**SUPPLIED RECORDS**
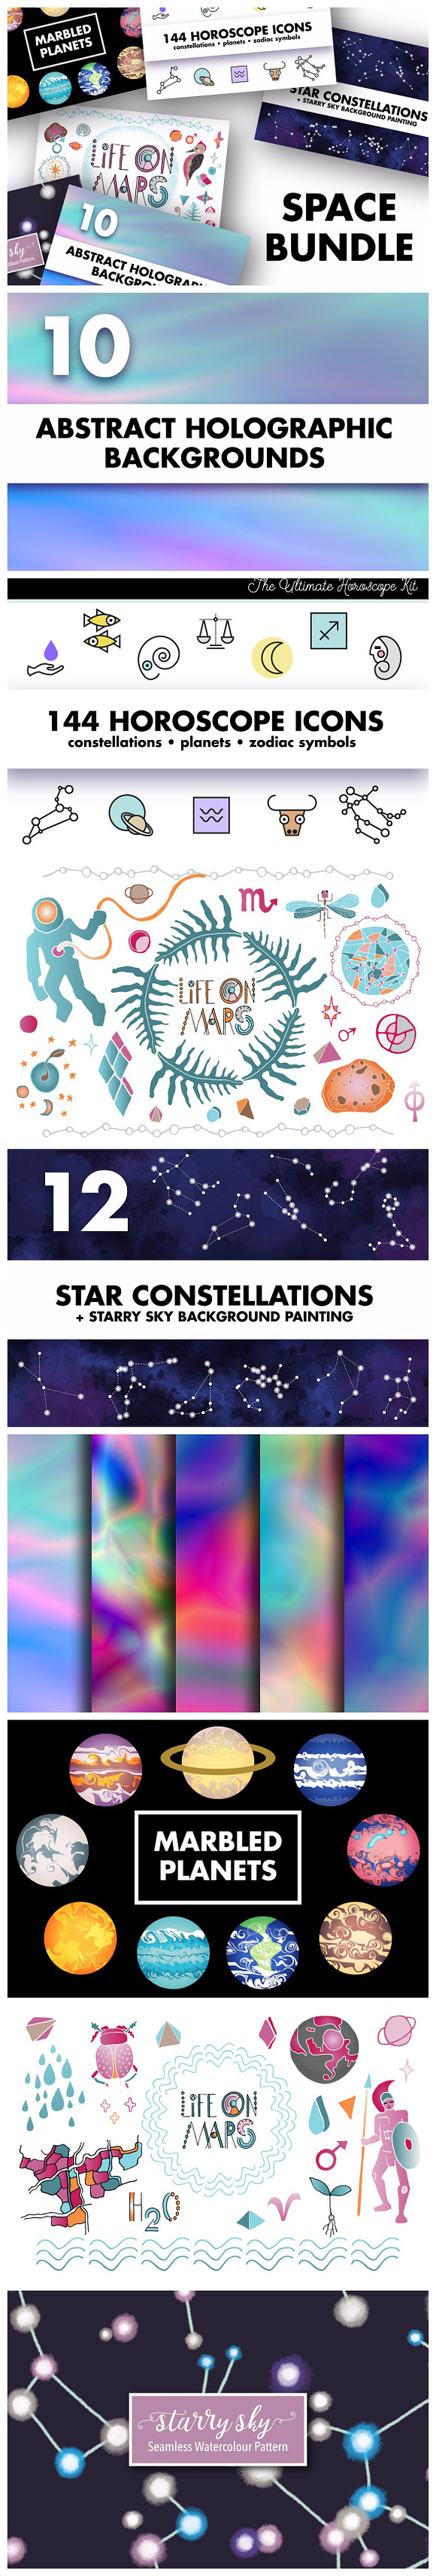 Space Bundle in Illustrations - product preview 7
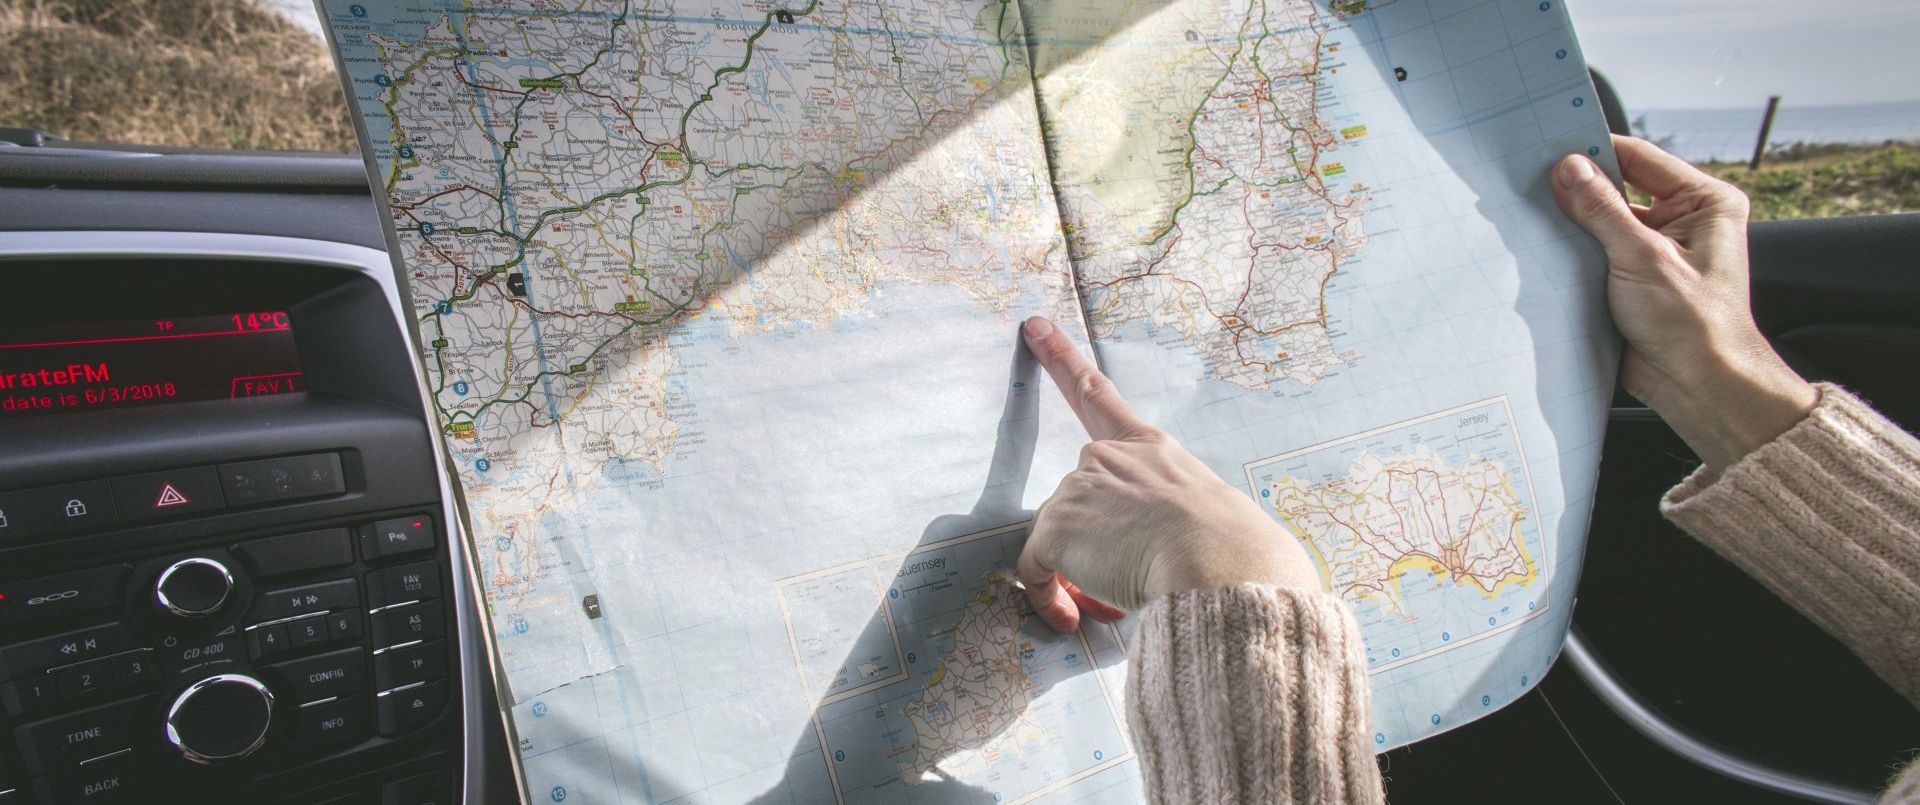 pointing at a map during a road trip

* * *

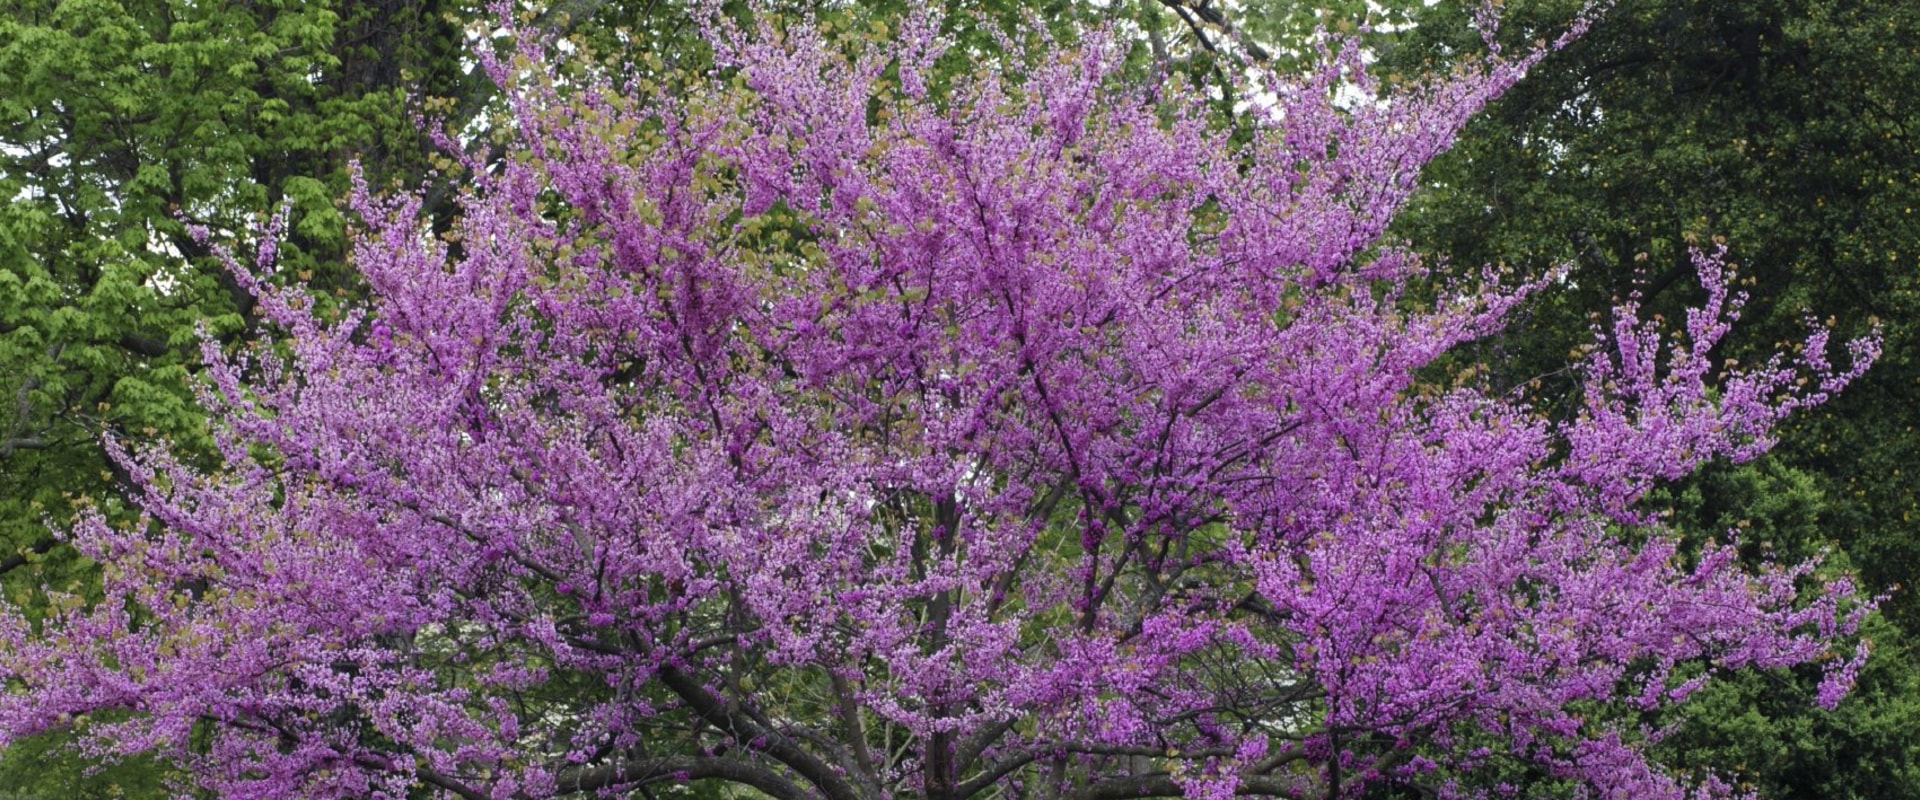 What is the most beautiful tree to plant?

**TASK**
Start at the line containing "Space Bundle in" above and stop at the line containing "pointing at a map during a road trip". Output those lines exactly, both included, but none of the pictures.

**RESPONSE TO THIS TASK**
 Space Bundle in Illustrations - product preview 7
 pointing at a map during a road trip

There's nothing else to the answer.